- Published on
Shrink your Elasticsearch Index by Reducing the Shard Count with the Shards API
- Authors
- Name
- Ruan Bekker
- @ruanbekker
Resize your Elasticsearch Index with fewer Primary Shards by using the Shrink API.
In Elasticsearch, every index consists of multiple shards and every shard in your elasticsearch cluster contributes to the usage of your cpu, memory, file descriptors etc. This definitely helps for performance in parallel processing. As for an example with time series data, you would write and read a lot to an index with ie the current date.
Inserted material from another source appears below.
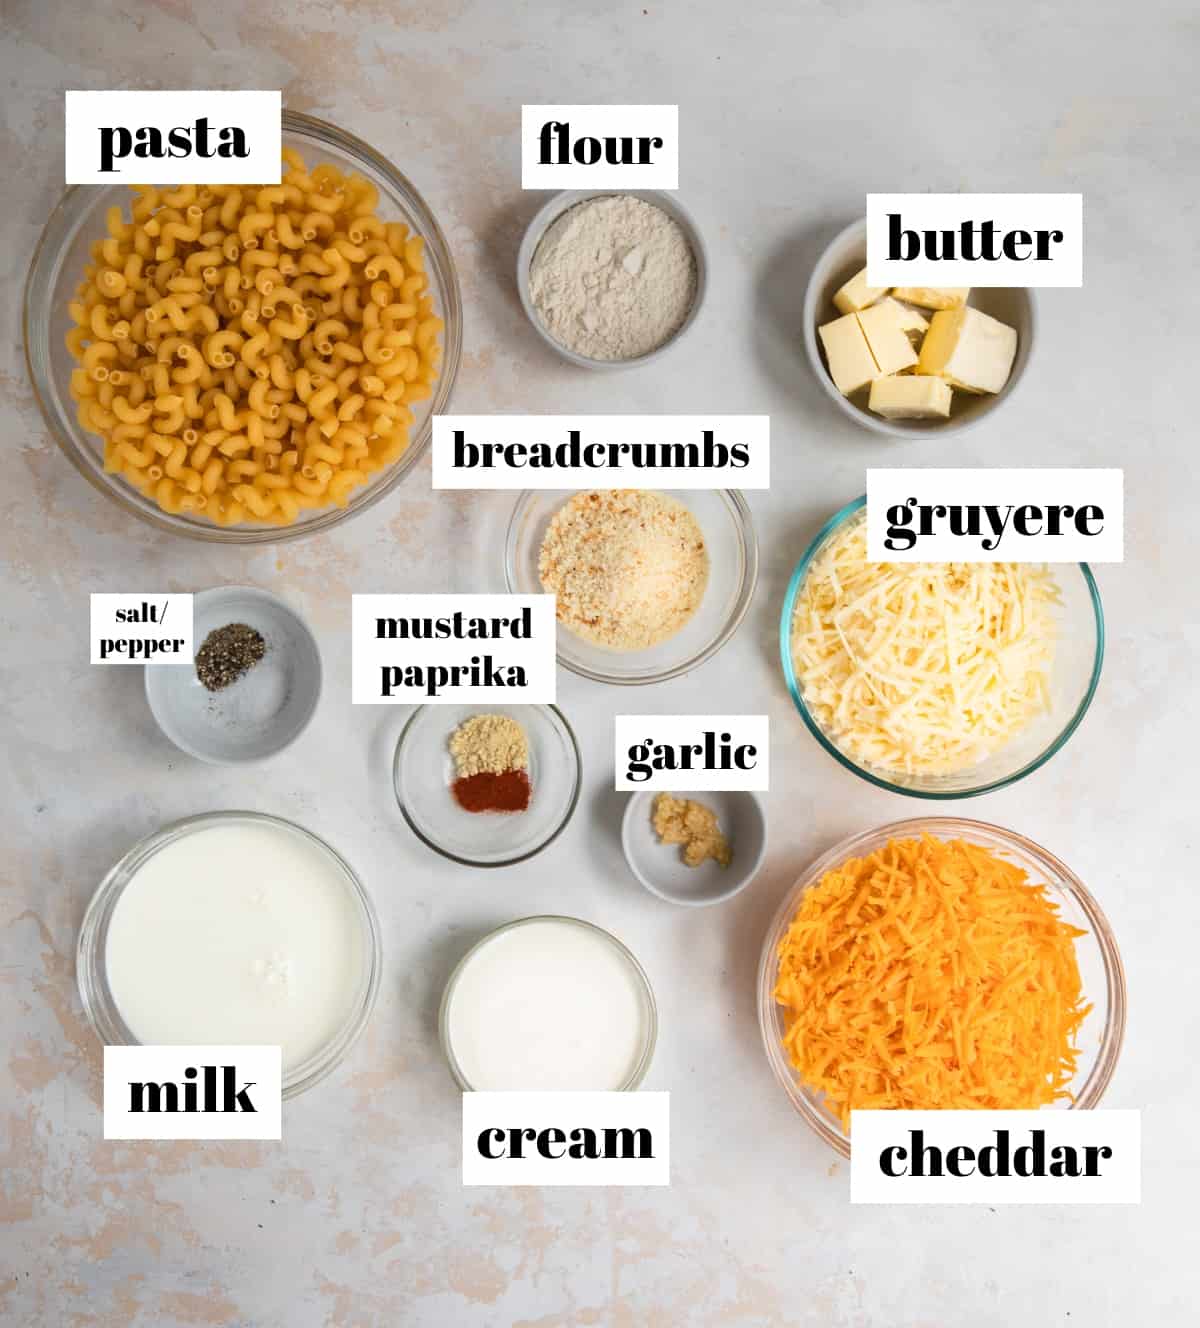 Pasta, flour, milk, cream, butter and other ingredients labeled on counter.

If that index drops in requests and only read from the index every now and then, we dont need that many shards anymore and if we have multiple indexes, they may build up and take up unessacary compute power.
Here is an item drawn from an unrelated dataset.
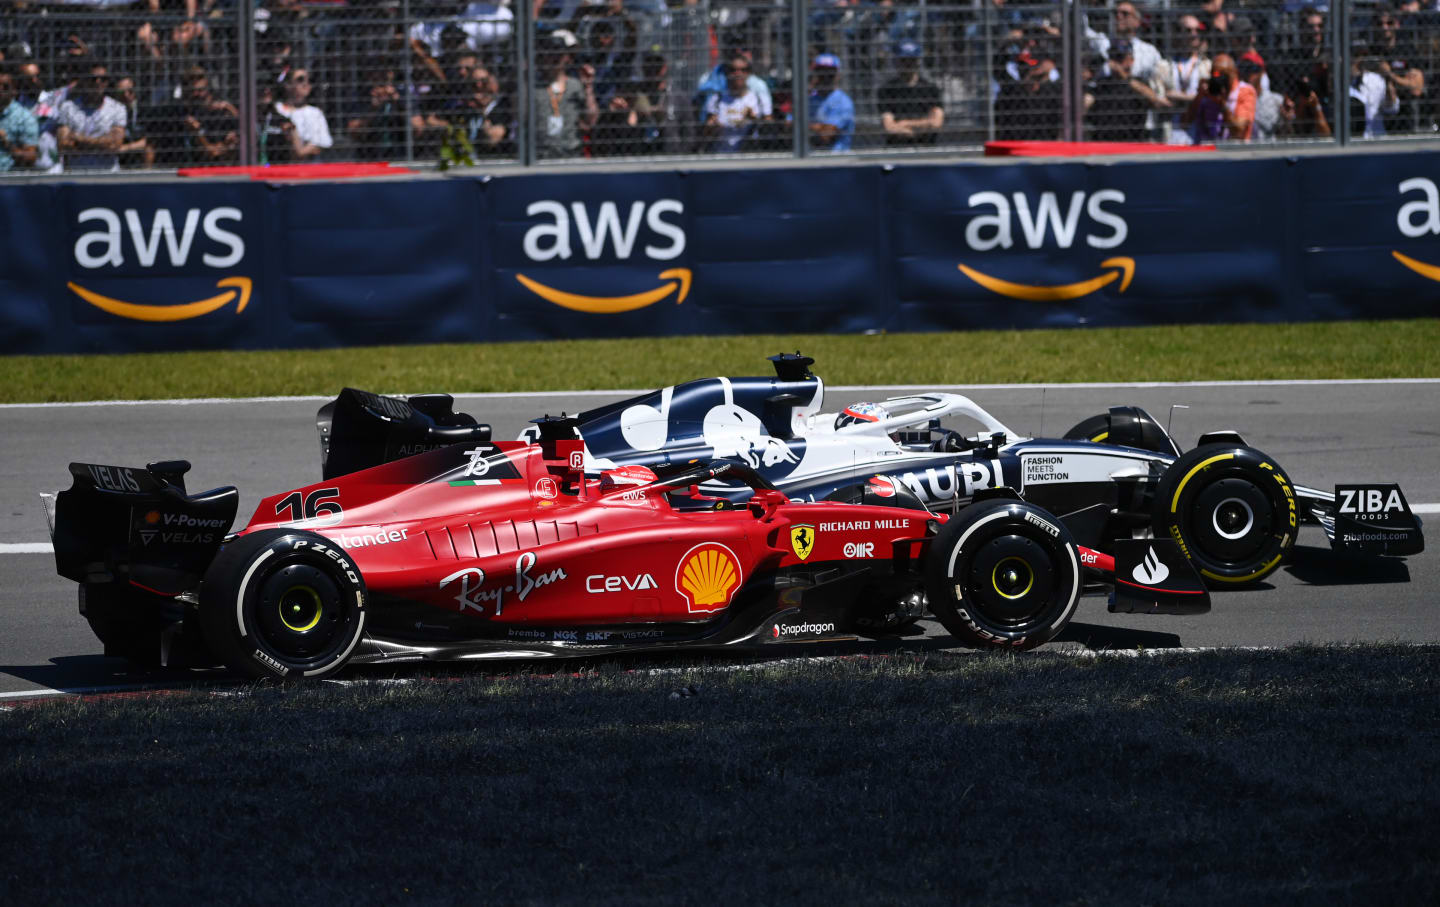 MONTREAL, QUEBEC - JUNE 19: Pierre Gasly of France driving the (10) Scuderia AlphaTauri AT03 leads Charles Leclerc of Monaco driving the (16) Ferrari F1-75 during the F1 Grand Prix of Canada at Circuit Gilles Villeneuve on June 19, 2022 in Montreal, Quebec. (Photo by Dan Mullan/Getty Images)

For a scenario where we want to reduce the size of our indexes, we can use the Shrink API to reduce the number of primary shards.
The Shrink API
The shrink index API allows you to shrink an existing index into a new index with fewer primary shards. The requested number of primary shards in the target index must be a factor of the number of shards in the source index. For example an index with 8 primary shards can be shrunk into 4, 2 or 1 primary shards or an index with 15 primary shards can be shrunk into 5, 3 or 1. If the number of shards in the index is a prime number it can only be shrunk into a single primary shard. Before shrinking, a (primary or replica) copy of every shard in the index must be present on the same node.
Steps on Shrinking:
Create the target index with the same definition as the source index, but with a smaller number of primary shards. Then it hard-links segments from the source index into the target index. Finally, it recovers the target index as though it were a closed index which had just been re-opened.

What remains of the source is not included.